Indepth Arts News:
"Building a New World: Architectural Visions of Expressionism"
2003-07-16 until 2003-09-15
Bauhaus Archiv, Museum für Gestaltung
Berlin, ,
DE Germany
With the end of World War I, law and order in Germany collapse. The political chaos of these years inspires also architects to search for new solutions. Leaving the familiar behind them, they address comprehensive approaches that envision nothing less than the creation of a new world. In times marked by a lack of work, thoughts on a better future supersede the realities of life. Architects exchange their audacious ideas in the form of drawings in small, committed circles. These games for thought, which in our contemporary eyes resemble a mixture of Jules Verne and Startrek, epitomize one of the most daring phases in twentieth century architecture. Indeed, the drawings by Scharoun, Mies van der Rohe, Poelzig, or Luckhardt are amongst the most impressive of their sort. The few buildings that were actually realized – such as the Einsteinturm in Potsdam or the Chilehaus in Hamburg – are in rank with the most famous ones of the twenties.
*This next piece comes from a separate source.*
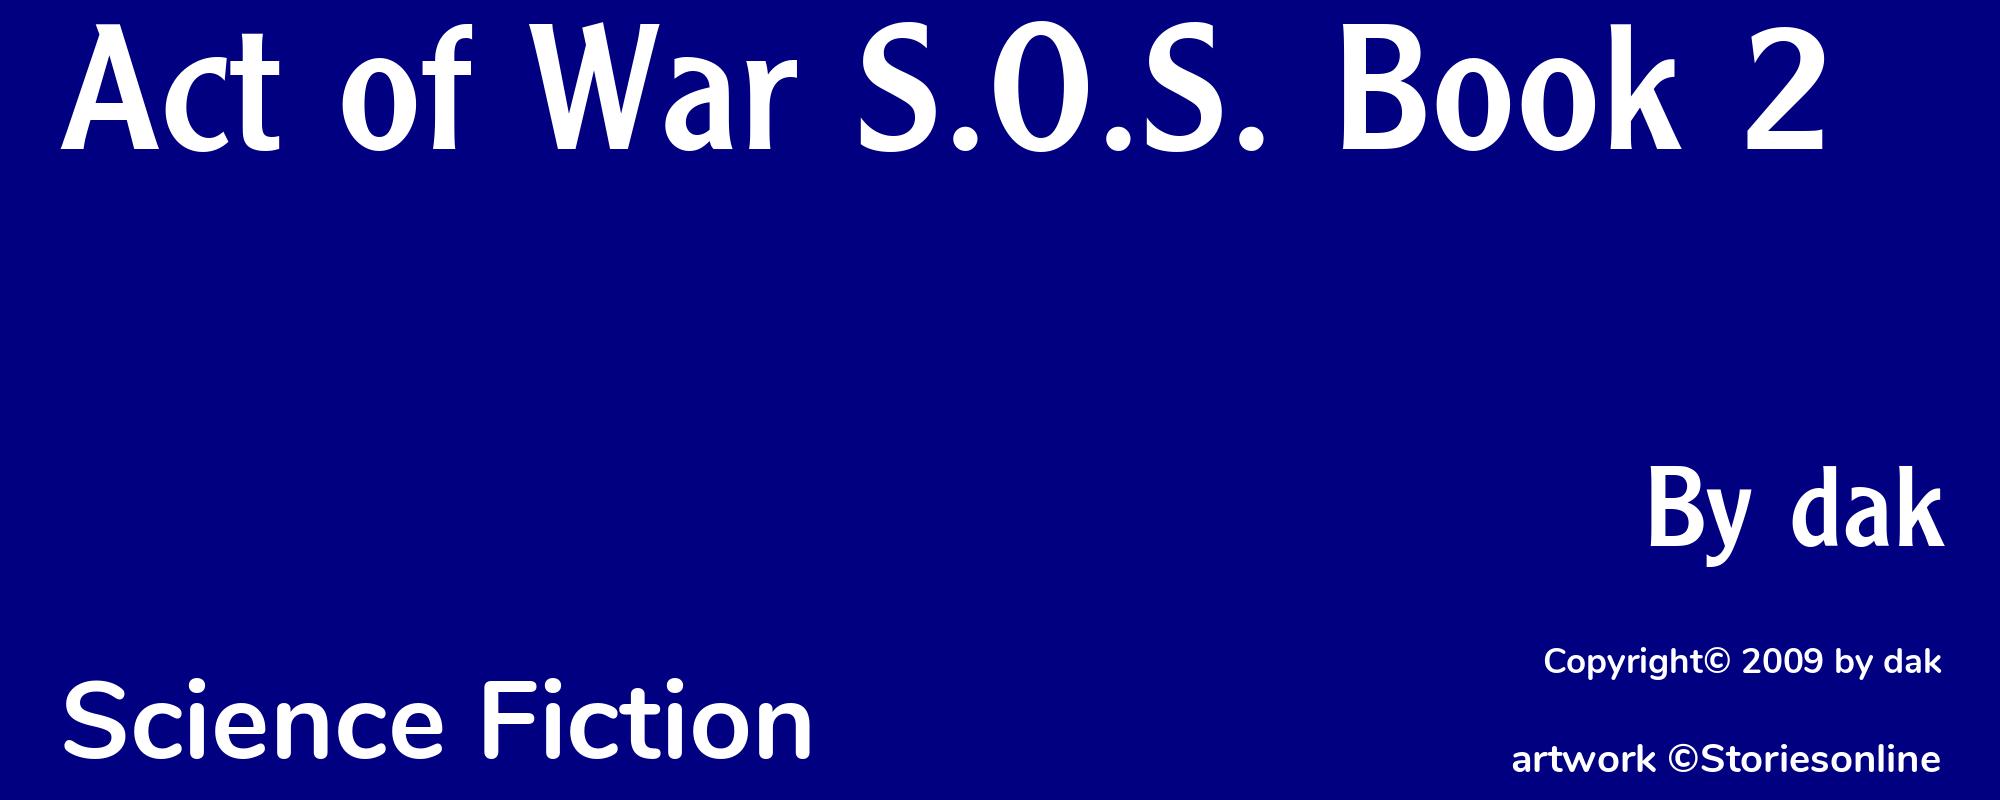 Act of War S.O.S. Book 2 - Cover

On paper at least, the designs attempt to create an architecture using new building materials – most particularly glass – or else pick up the potentials of an older material, the clay brick, from which until then completely unknown capacities are developed. The architects’ projects were just as divergent as their underlying ideologies: some designs were modeled on socialist ideals; others were concerned with popular ideas. It can hardly be said that they have any common denominator apart from the search for a new all-embracing architecture.
Over 120 objects in the exhibition – drawings, models, paintings, and works on paper – offer an overview of this unusually multifarious path towards modern architecture that lasted but a few years.
A tour program of the respective buildings in Berlin will round off the portrait of the period as imparted by the exhibition.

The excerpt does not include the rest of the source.